Egün hon = egun on (hello)
Honki jin = ongi etorri (welcome)
Otoi = otoi (please)
Eskerrik hanitx = milesker ainitz (thank you very much)


The land of maskaradak and pastorals

The province of Soule is the happy custodian of very ancient traditions in Basque language folk theatre.

1 - The Maskaradak : the Souletin Mascarades, part carnival and part street theatre, in which two opposing worlds are represented over the course of a day in the village square, the gorriak (people dressed in red) and the beltzak (people dressed in black). The Maskarada goes from village to village, every Sunday, or almost, during the winter months. In the Middle Ages, the Church authorised the population to speak their mind to the seigneur of the village over the course of a whole day, so the men would dance and criticize any seigneurial abuse of authority to their heart’s content …

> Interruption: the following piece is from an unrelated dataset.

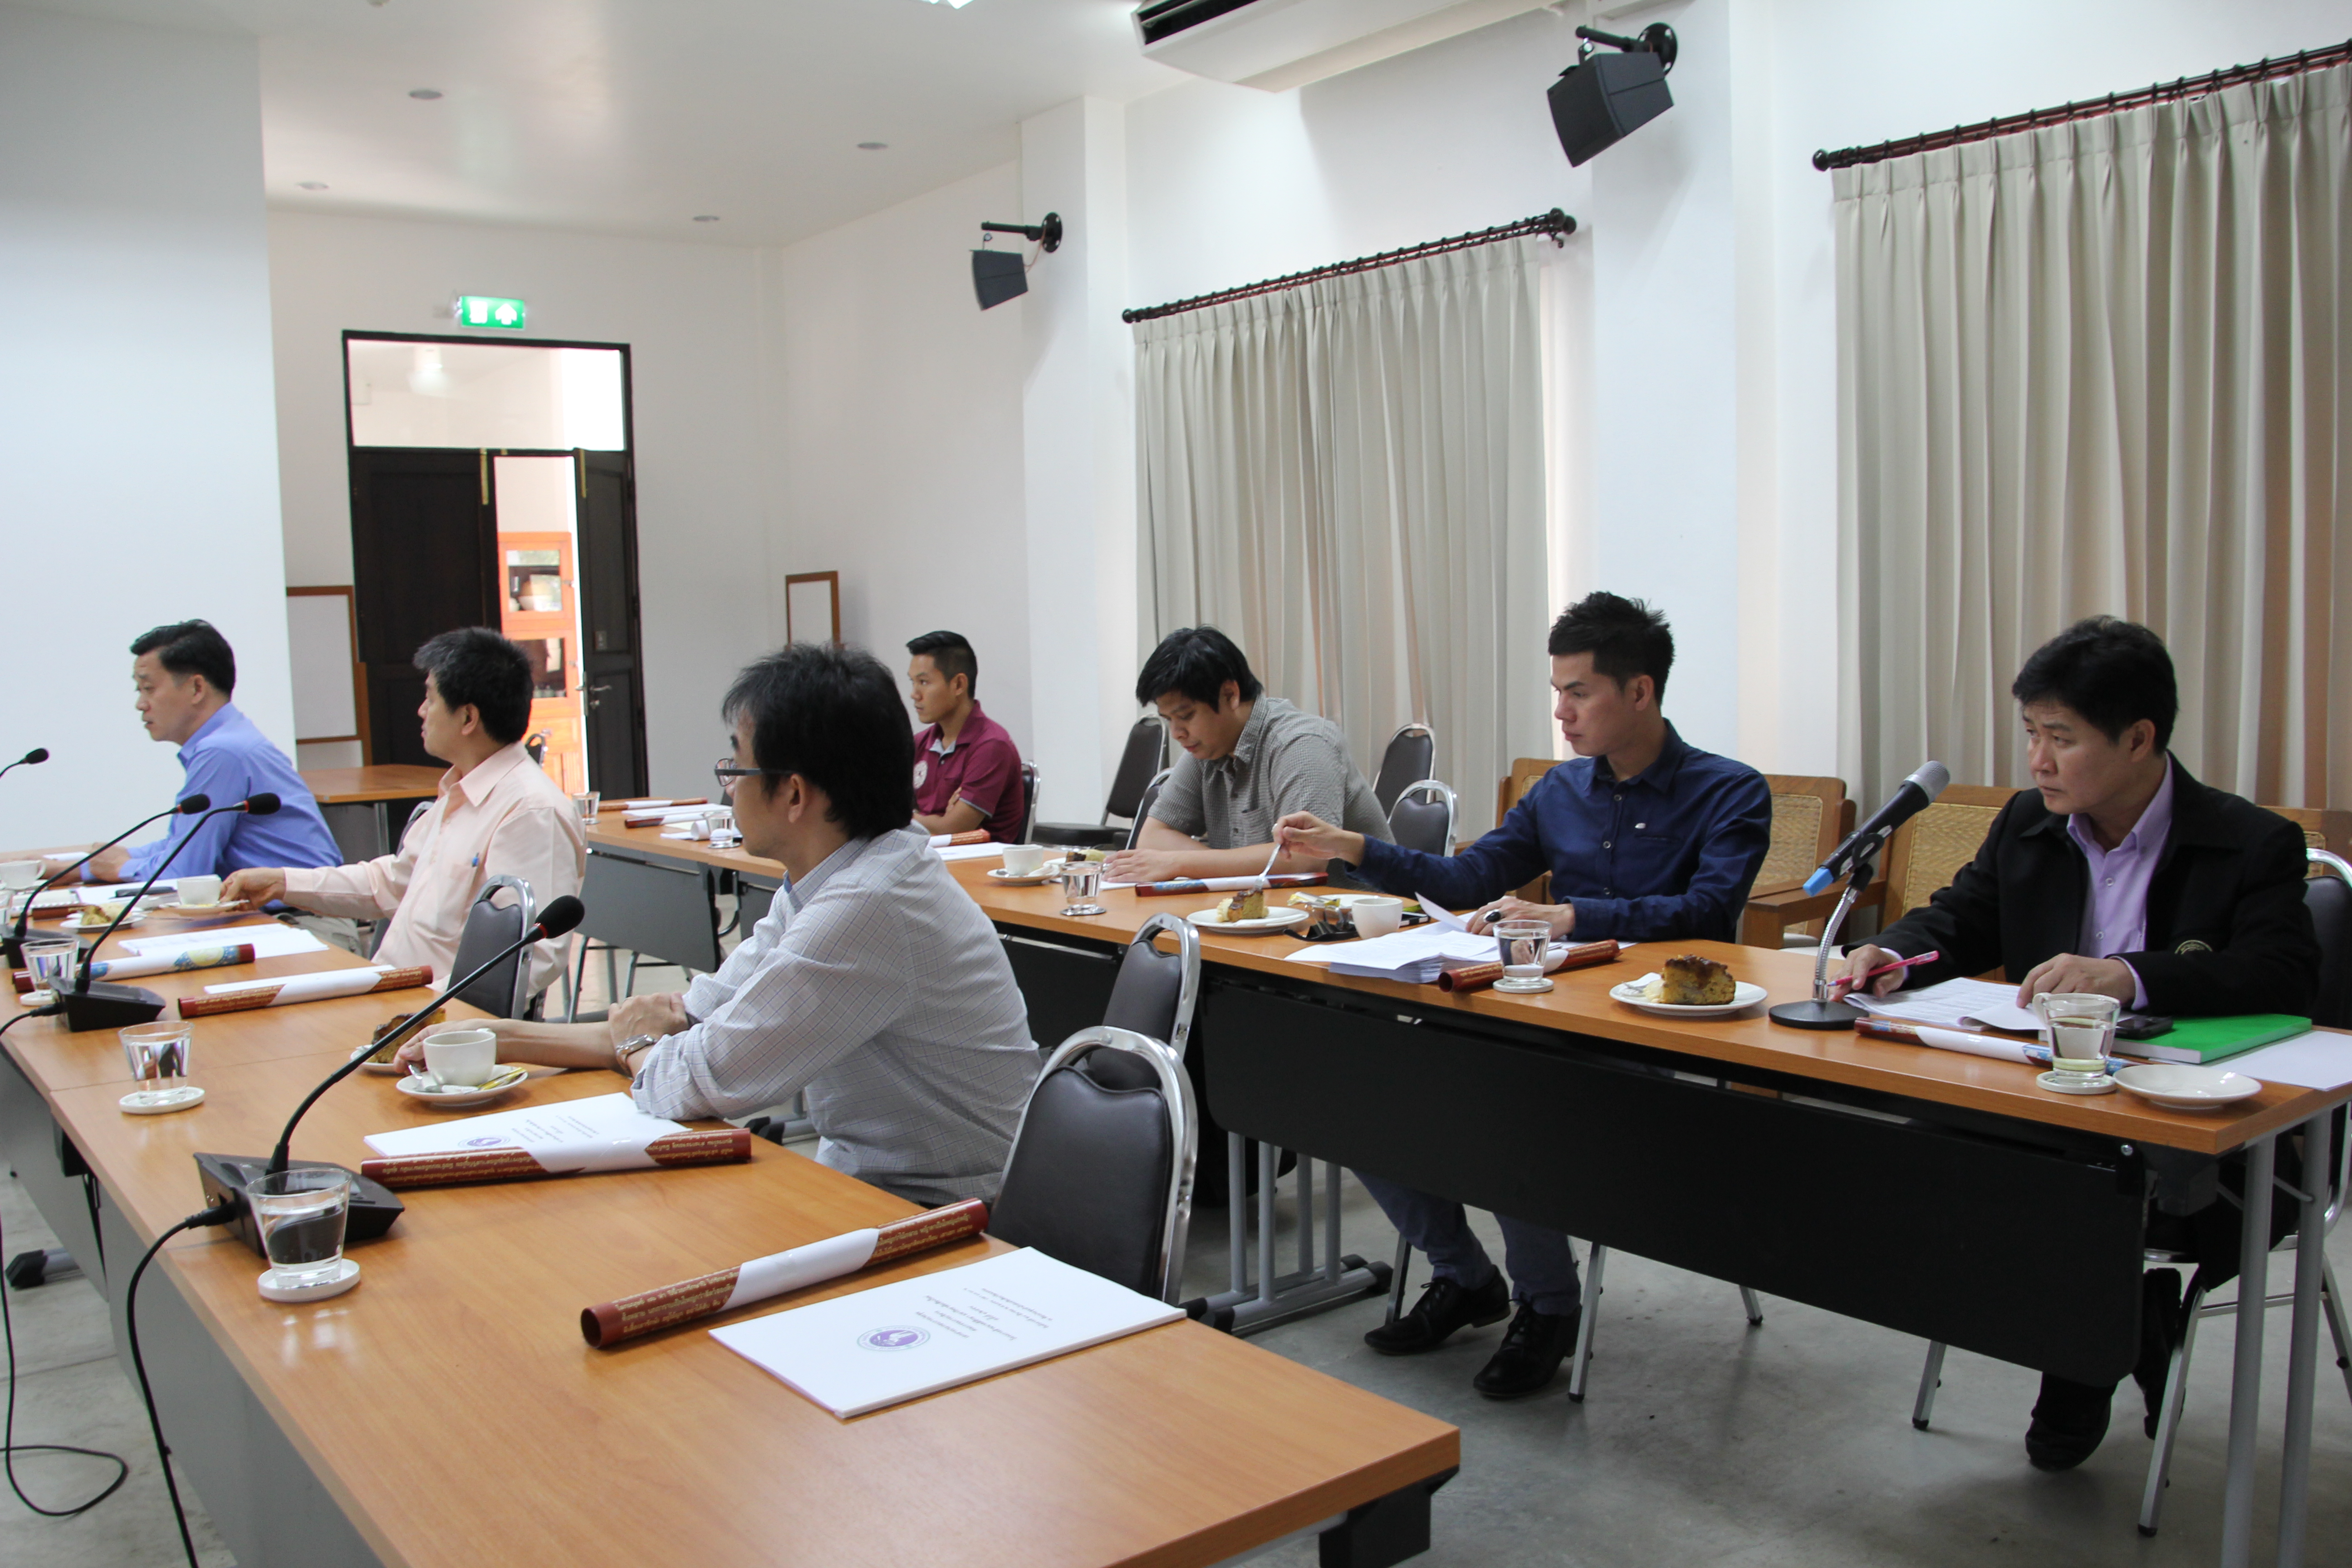 การประชุมคณะกรรมการบริหารโครงการล้านนาคดีศึกษา มหาวิทยาลัยเชียงใหม่ ครั้งที่ 1/2558

2 - Pastoral : this event is organised by the inhabitants of a village every summer, generally the last Sunday of July and the first Sunday of August. This traditional type of play is performed entirely in the Basque language on an outdoor stage and recounts the sobering struggle between good and evil. The Pastoral attracts thousands of spectators.

Soule is also the heir to beautiful songs and dances. Here, dancing is far from being a simple folk legacy. It is very much alive and well, featuring in all the main local events. The intricate and demanding dance steps require discipline and technical precision.

Unsual architecture of the house in Soule

On arriving in Soule, you will notice that the red tile roofs have disappeared and grey slate roofs have taken their place.

Houses in Soule resemble the farmhouses of Bearn with their steeply sloping slate roofs. Sometimes, the outside door is spanned by a beautiful stone lintel engraved with the date of its construction or renovation and the name of the builder.

In the Basque Country, it was traditional that the family name was also the name of the house and so, until quite recently, many Basques were called by the name of their home. Even today, a person can be referred to by his surname or by the name of his home. Often the name of the house relates to its location.